What can be done about it?
At the margins, I can think of smallish remedies. For example, CA9 might change its rules so that motions and merits panels remain consistent through a single case. The idea is to allow less space for unproductive disagreement.
To similar ends, the court might turn down the temperature by regulating opinions dissenting to the denial of an en bancrehearing. Here, it bears noting that such opinions are far less common in other courts. Again, the idea would be to provide fewer chances for discord.
Perhaps Trump will lose in 2020, which would reduce the flow of high-profile immigration controversies being piped into the Ninth Circuit and thereby alleviate the tension on the court.

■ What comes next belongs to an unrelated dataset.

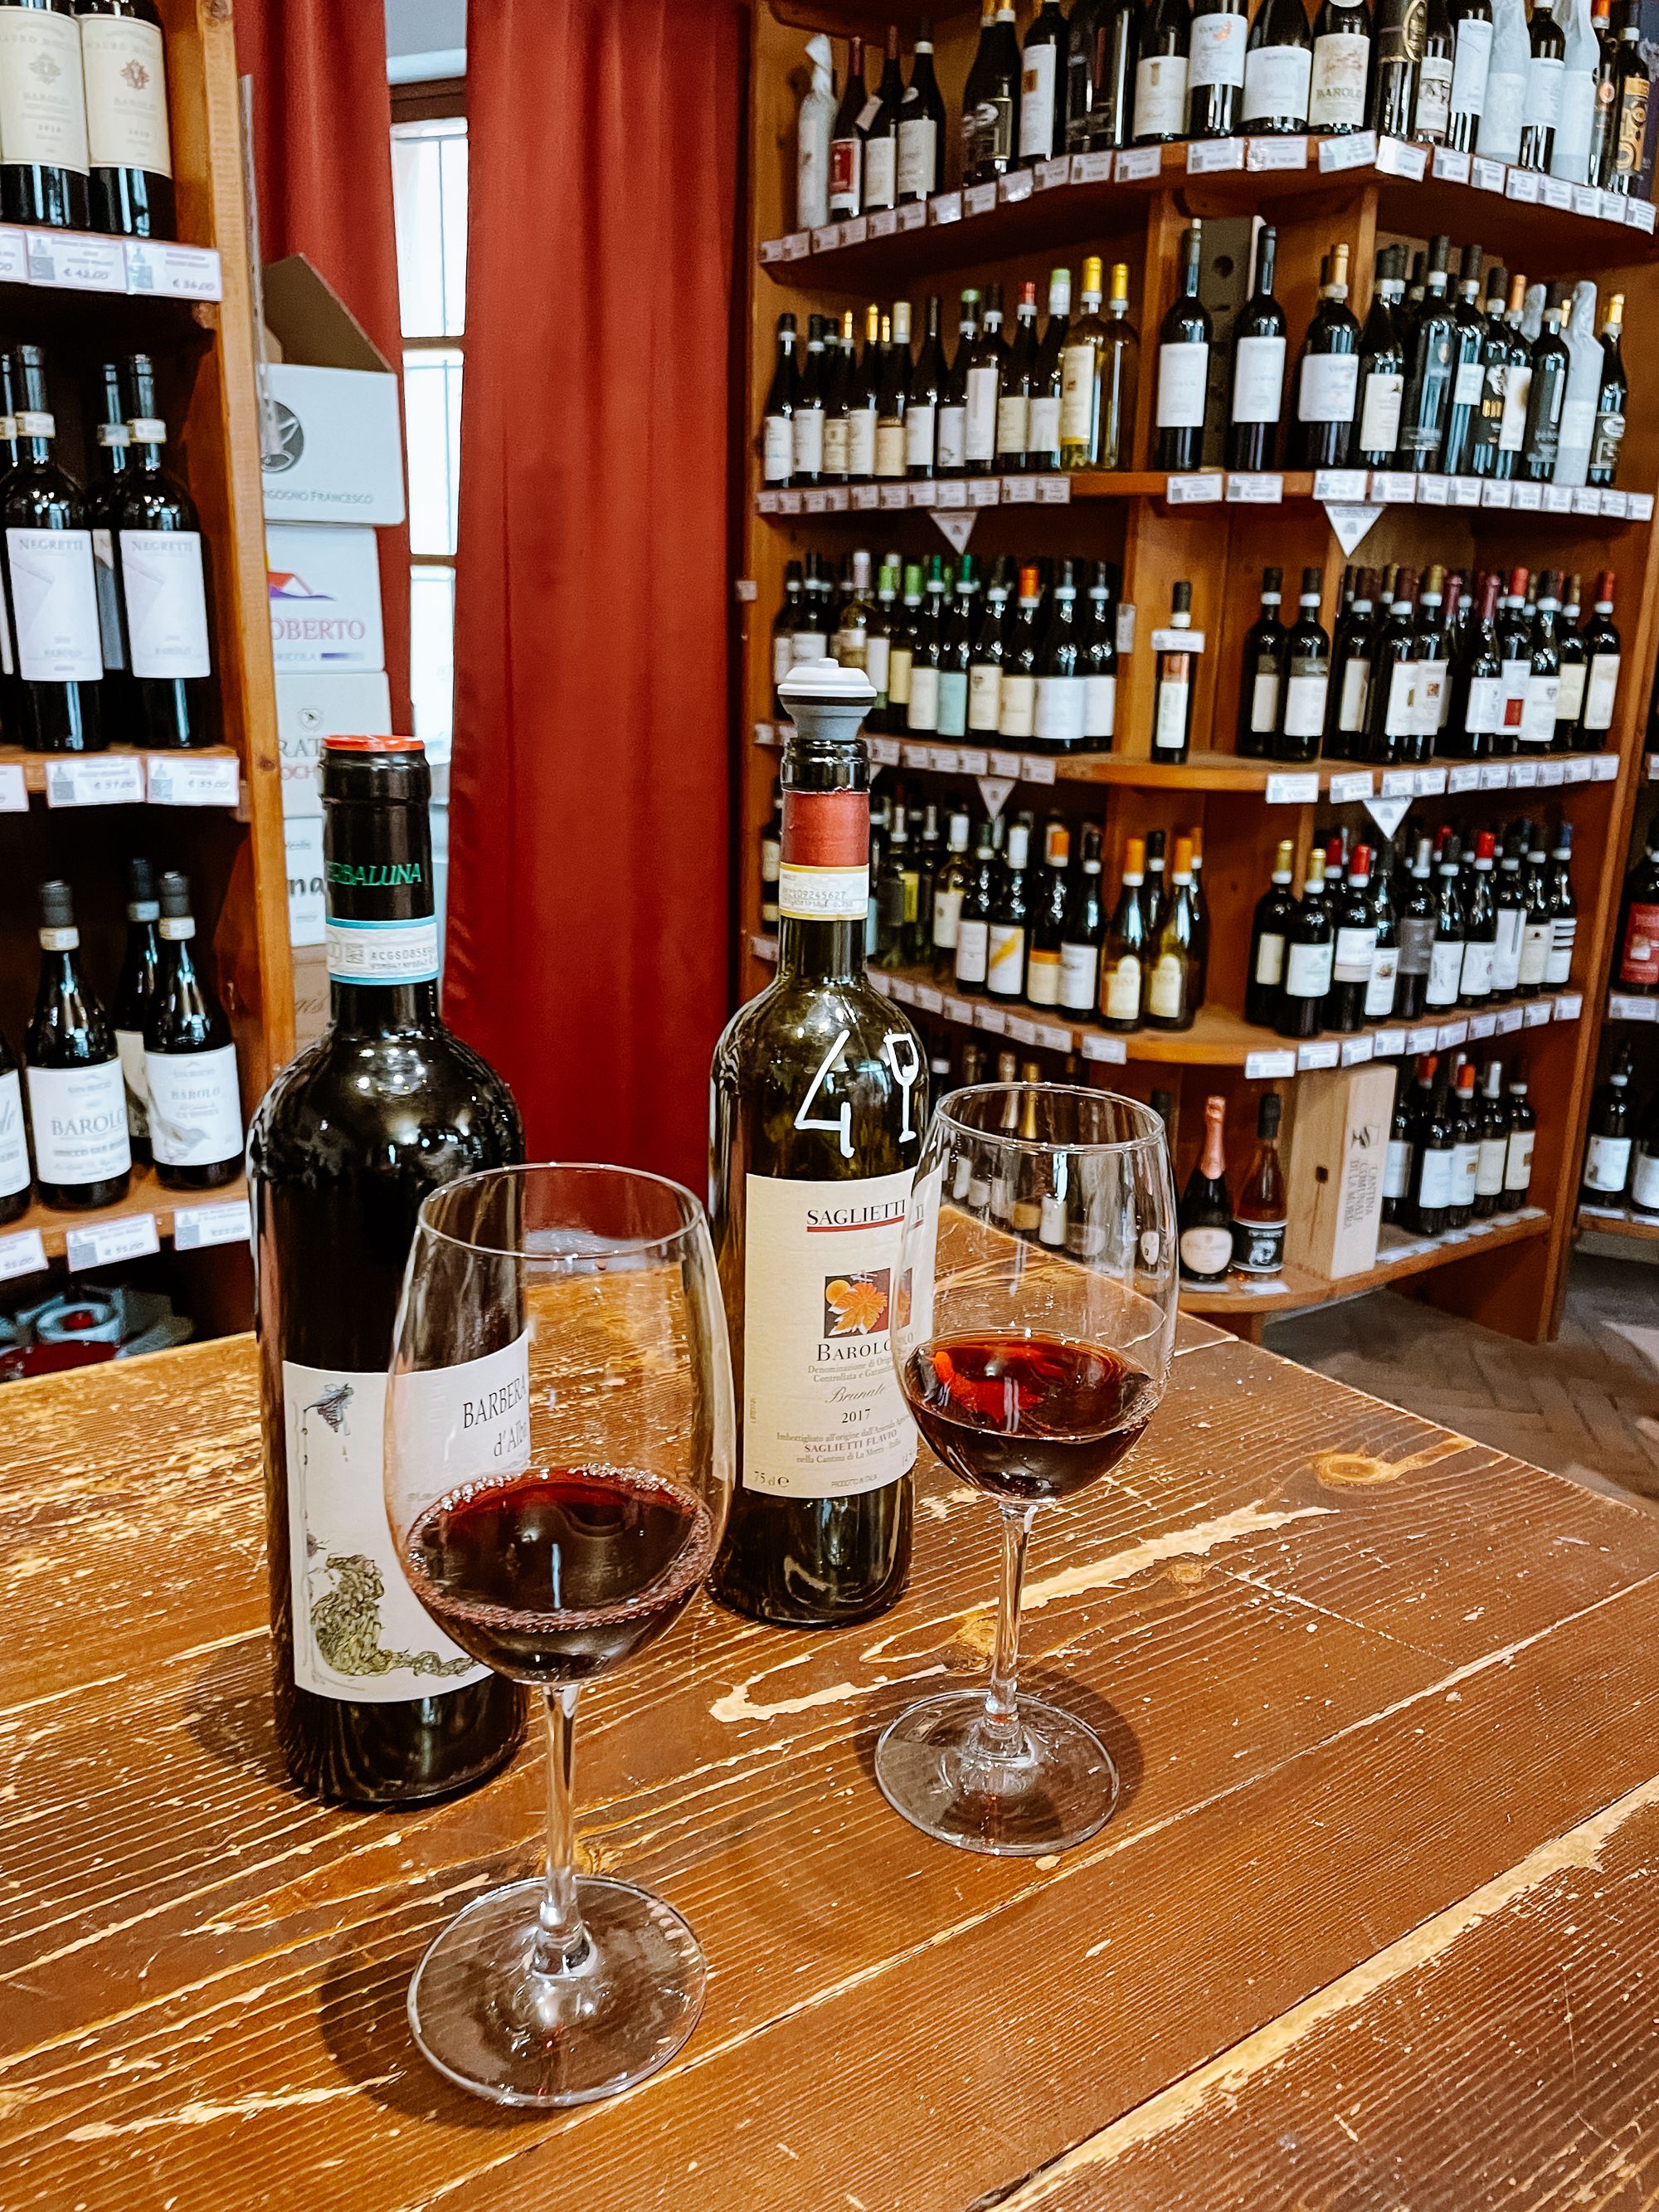 Two glasses of red wine in front of their corresponding bottles in a wine shop

If, however, Trump gets reelected, then I’m not sure the situation won’t become untenable. In such a circumstance, I fear two mini courts could become entrenched within CA9. Were this to occur, then the case for breaking up the court would become very powerful indeed.
Bold Clerical Error
On March 23rd, a three-judge panel sua sponte invoked the All Writs Act and ordered a detained immigrant released due to the threat of COVID-19 at an immigration detention center. The order was published, which would render it precedential. Of course, such a precedential decision would have a huge impact on immigration policy. It was, therefore, a bit strange that the order was so short and cursory.
Well, the mystery was quickly put to rest. The next day, the court de-published the order. The panel explained that there had been a “clerical error.”